第36話 「ホテルインディゴ長崎グラバーストリートの話」

更新日:2024/11/30

 季節は廻りいつしか年末となりました。今年最後の小部屋は南山手の新たな名所の話です。ちょっと豪華な話ですのでご期待ください。

 

 表題の「ホテルインディゴ長崎グラバーストリート」、耳にしたことがある方は少ないと思います。それもそのはず、業界最大手のイギリスのIHG(インターコンチネンタル・ホテルズ・グループ)と提携した日本の森トラスト・ホテルズ&リゾーツが運営する西日本初のインディゴグループのホテルでした。何のことかよくわからないという素敵な貴方のために、10文字で表すと「富裕層向け高級ホテル」のことです。このホテルの場所が南山手なのでした。感がいい読者の皆様はもうお気づきと思いますが、そうです、国指定文化財のマリア園がホテルとして生まれ変わったのでした。

 

 世界中でホテル事業を展開する森トラスト・ホテルズ&リゾーツ、歴史的建造物をリニューアルするのは軽井沢の万平ホテルに続き、国内2番目となります。通常の高級ホテルでは満足しない富裕層に、リアルな文化財暮らしを提供しようという訳です。

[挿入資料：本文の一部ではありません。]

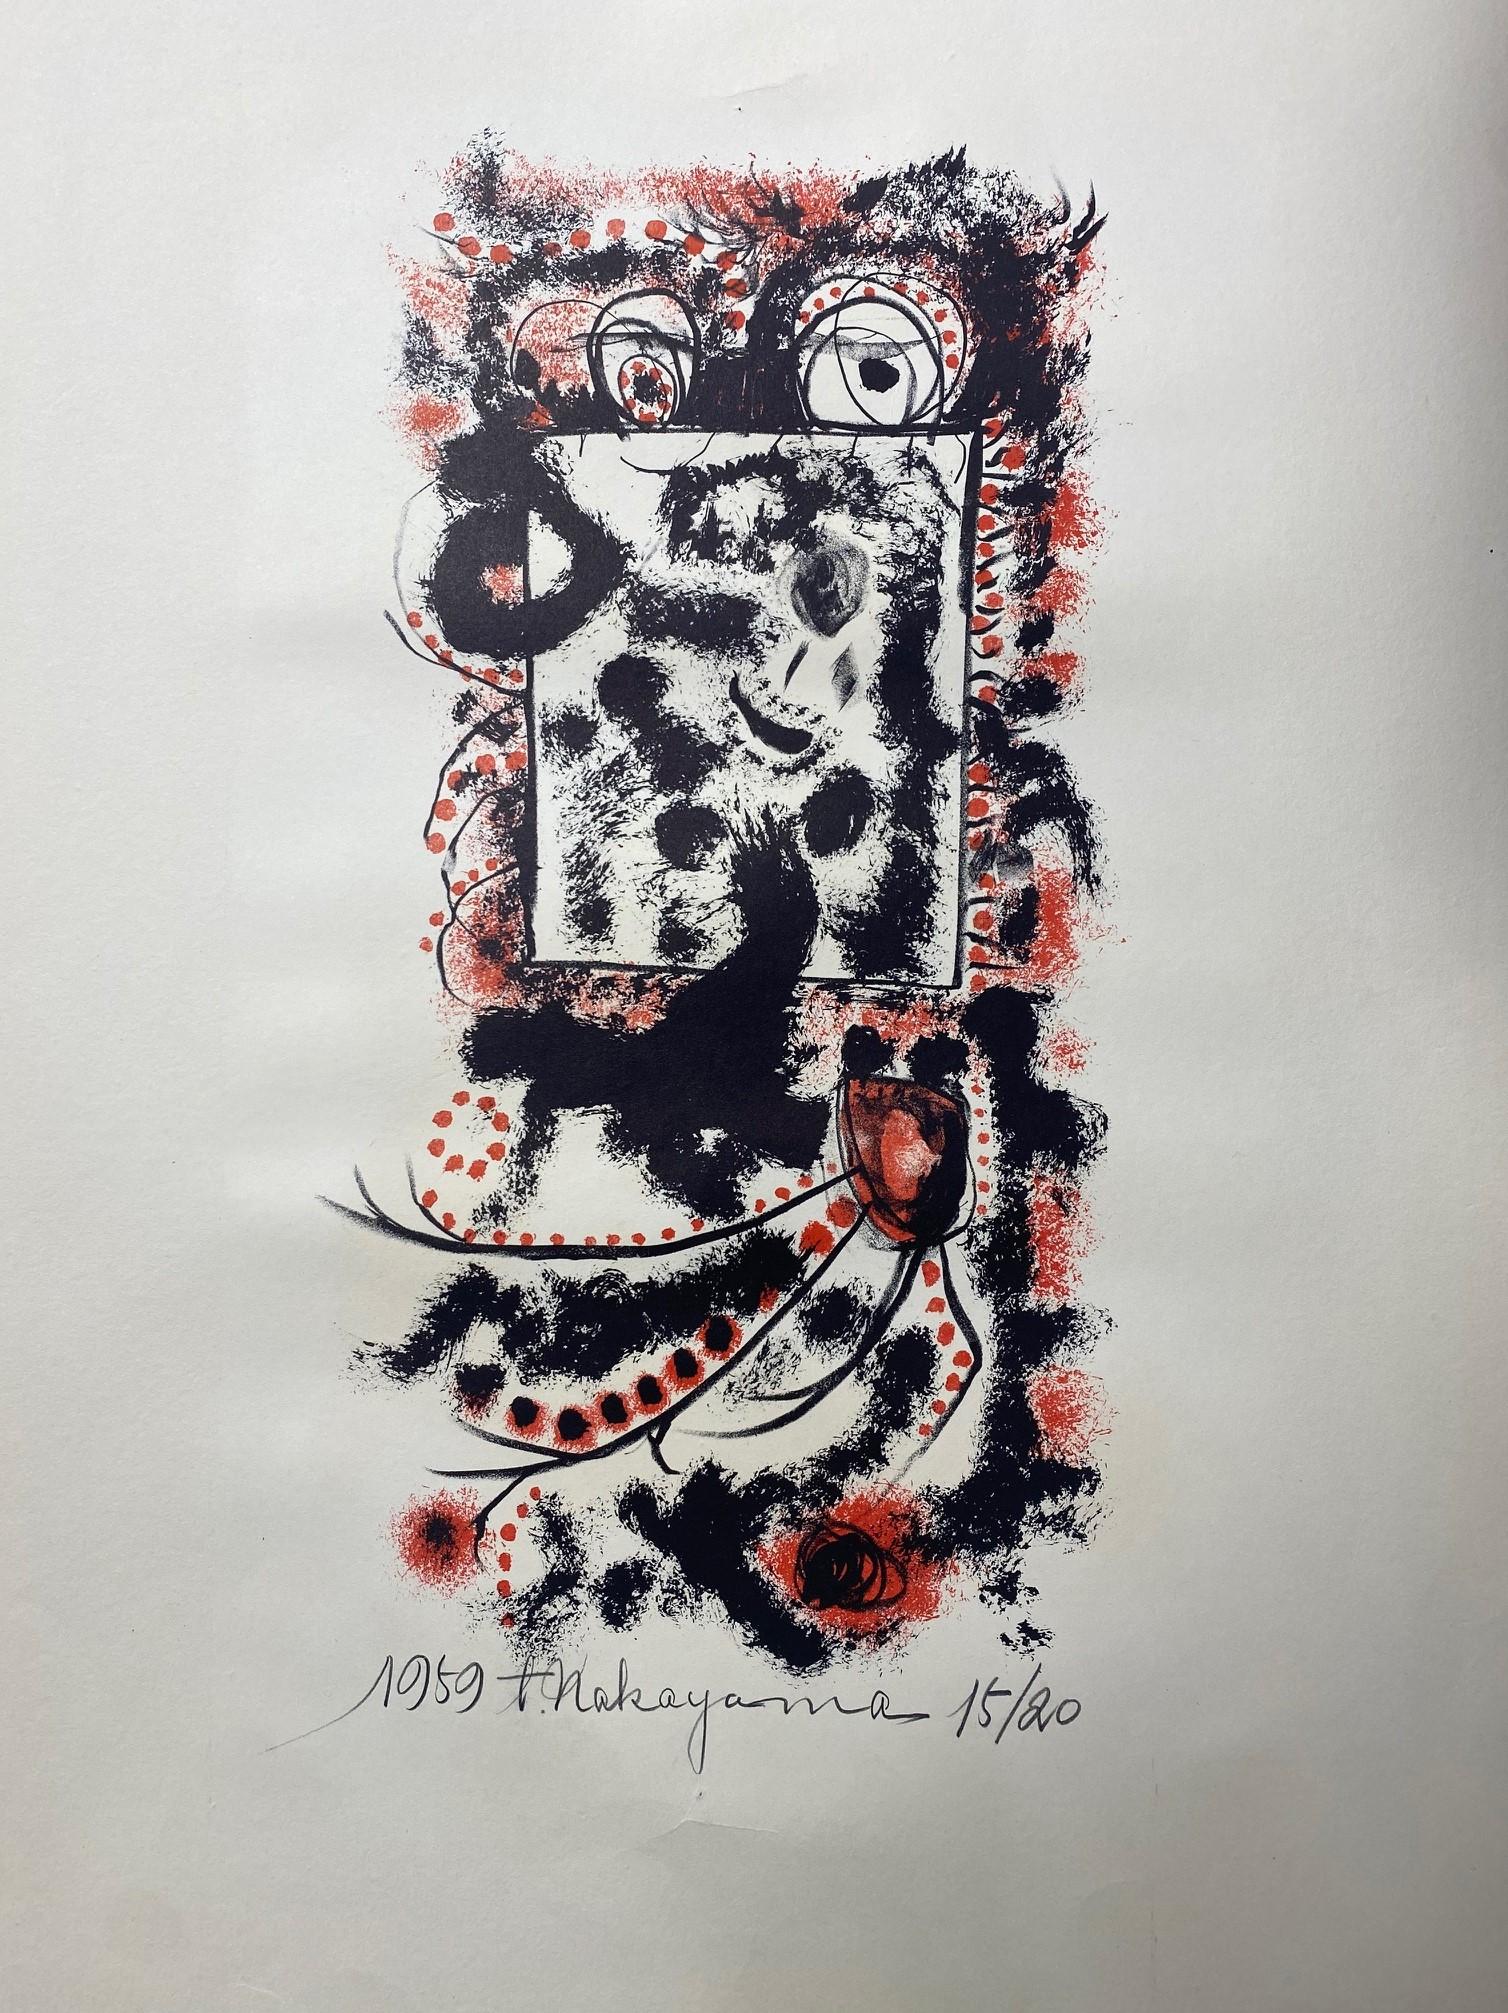 Showa Tadashi Nakayama Signed Early Limited Edition Japanese Abstract Print, 1959

 マリア園の正式名称は「イエズス会修道院」と言います。1880年に布教本部と孤児院としてフランス人修道士によって建てられました。修道会本部が移転してからは孤児院と幼稚園を清心修道会のシスターが運営し、近年は民間事業者による児童養護施設になっていました。煉瓦造2階建の上に銅板張りのマンサード屋根を乗せた3階建で、リブ・ヴォールト天井の礼拝堂(3話参照)も備えています。平成3年に我が家と同じく文化庁から重要伝統的建造物に指定されました。(1話参照)築140年を経ても煉瓦造と緑に変色した重厚な屋根が洒落た雰囲気を醸し出す素敵な建物です。孤児院や児童養護施設としても使われていたので、部屋数もあり居住性は十分です。しかし、ホテル開業までには涙ぐましいハードルがありました。

 一番の難題は耐震性でした。古い建物なので旅館業法の基準を満たすには大幅な改築が必要です。建物の外側を鉄骨の筋替え(X型の補強材)で覆うのが一般的ですが、文化財は外観の変更ができません。この課題を審議することになったのが、「長崎市伝統的建造物群保存地区保護審議会(略称 伝建審)」です。長い名称ですが、メンバーには東大教授や元文化庁調査官もいる強力な団体です。(なぜか私もそのメンバーです。)審議を重ね最後は赤坂の森トラスト本社で大詰めとなりました。伝建審の提案は、一旦内部を解体し補強して復元する工法です。もちろん費用と手間は半端ではありません。他にも様々な注文を出しましたが、森トラストが承諾しマリア園ホテル化計画はスタートしたのでした。

 工事は2年近くかかりました。屋根を外し煉瓦の外装だけを残して、本体内部を作る工程は見ていて圧巻でした。(19話参照)工事を請け負った松永建設の見事な技術力です。

 

 オープン前の6月、ホテルの皆さんが挨拶に来ました。以前本社でお会いした森トラスト取締役の増永義彦さんを筆頭に運営スタッフの方々です。特にホテル総支配人の丹羽秀之さんは、お若いですが柔和で品がある方でした。ホテルの盛況が目に見えるようです。

 

 ちなみに、1泊10万円の価格設定はオープン特価で今だけ3~5万円です。皆さん、ヘソクリを引きずり出して泊まりに行きましょう。浮いた分は、うちの庭に投げ銭してもかまいませんよ。それでは、よいお年をお迎えください。